I received a call today from a local young man, who is reducing his high-end ball python collection, so that he can go to college. He offered me a 2009 blue-eyed leucistic for $2500. I think he said it was a female. What do you all think? Is that a good price in the current market? I haven't actually seen the snake, but since we live in the same town, it would be easy enough to do. I would love to have one of these snakes, but I'm not sure about the price and haven't been able to find any for sale elsewhere for comparison. He also has a young pair of bumble bees he is wanting to sell for $1000 each. That seems kind of high to me. What do you guys think?

----------


## rebel750

You can do much better. About a grand better. Even for a female.

http://market.kingsnake.com/detail.php?cat=32&de=741309

Not promoting anyone but this is one of many many BEL's out there at an average price.
$2500 should get you a sexed pair....maybe

----------

_wendhend_ (01-05-2010)

----------


## Foschi Exotic Serpents

Honestly I have to agree. That price would be good if it were close to breeding size but not as an 09. They are at least $1000 and generally between $1000 and $1500 depending on quality, weight and sex. Also you did not say what type of BEL it was. What 2 morphs went into creating it?

That also has something to do with price. Like a russo x russo would be closer to 2 grand but a mojave x mojave is closer to 1 thousand. Give or take.

----------

_wendhend_ (01-05-2010)

----------


## wendhend

> Honestly I have to agree. That price would be good if it were close to breeding size but not as an 09. They are at least $1000 and generally between $1000 and $1500 depending on quality, weight and sex. Also you did not say what type of BEL it was. What 2 morphs went into creating it?
> 
> That also has something to do with price. Like a russo x russo would be closer to 2 grand but a mojave x mojave is closer to 1 thousand. Give or take.
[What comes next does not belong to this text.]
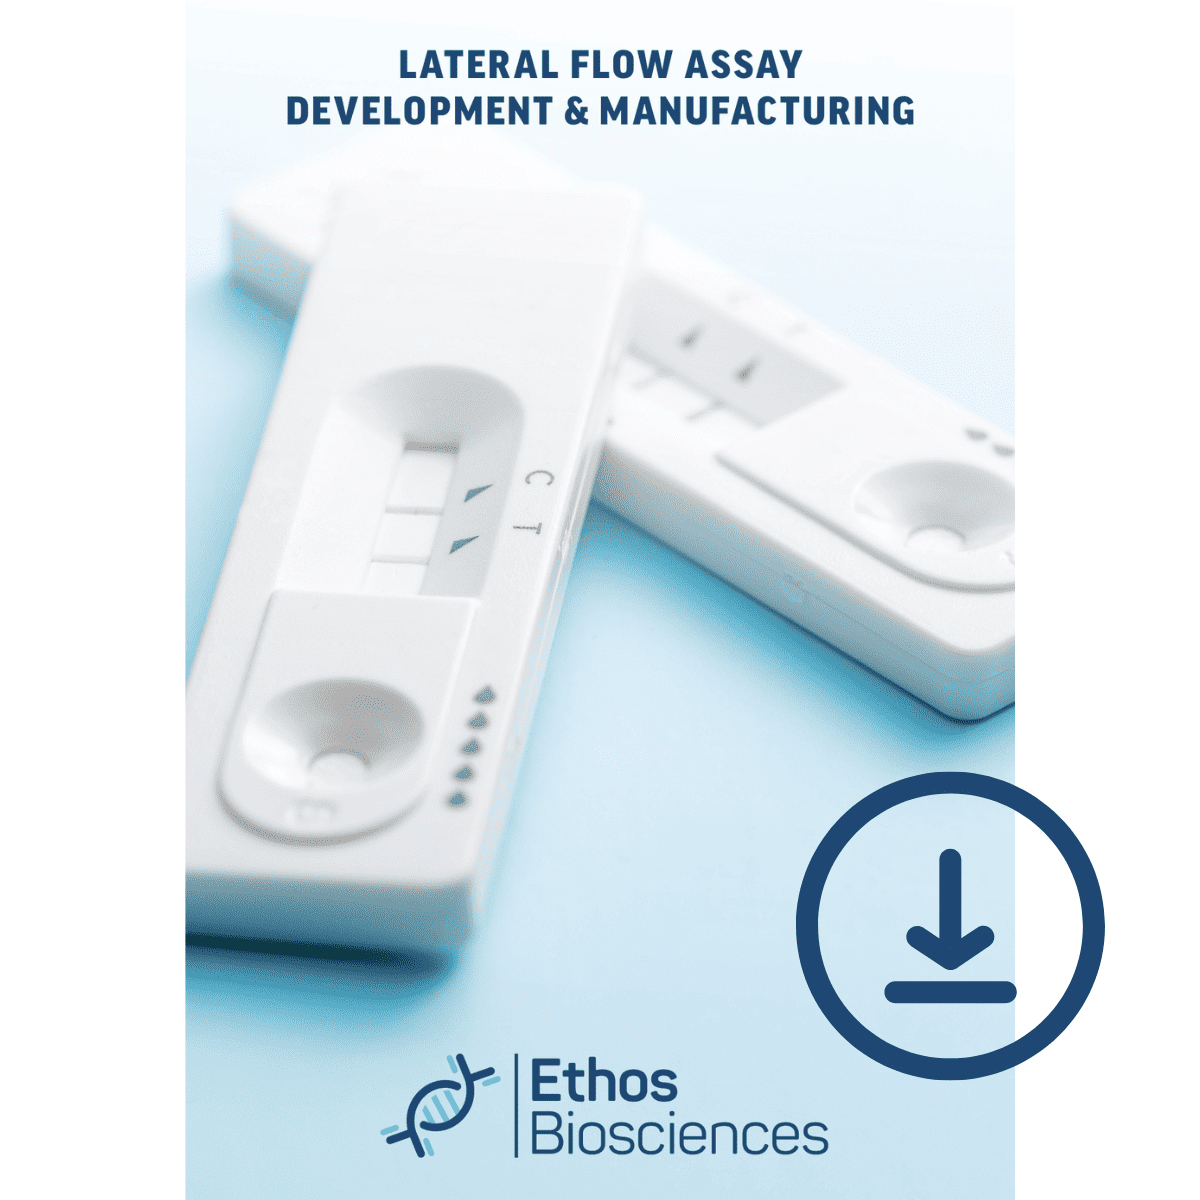 Lateral Flow Assay Development & Manufacturing

I didn't think to ask what the parents were, but I can probably find out. He said it came from Eight Ball stock, and he has paperwork for them. Would you say that russo X russo and mojave X mojave BEL are identical in appearance?

----------


## MarkieJ

I had to scan your location to make sure you weren't from Europe, and see the date of your post to make sure it wasn't bumped up from a couple of years ago, because those prices are exorbitant.  Scan the kingsnake.com classifieds to get an idea of market prices, which can differ depending on the quality of the animal.  Ask for pics and see if the guy is willing to negotiate.

----------

_wendhend_ (01-05-2010)

----------


## Foschi Exotic Serpents

> I didn't think to ask what the parents were, but I can probably find out. He said it came from Eight Ball stock, and he has paperwork for them. Would you say that russo X russo and mojave X mojave BEL are identical in appearance?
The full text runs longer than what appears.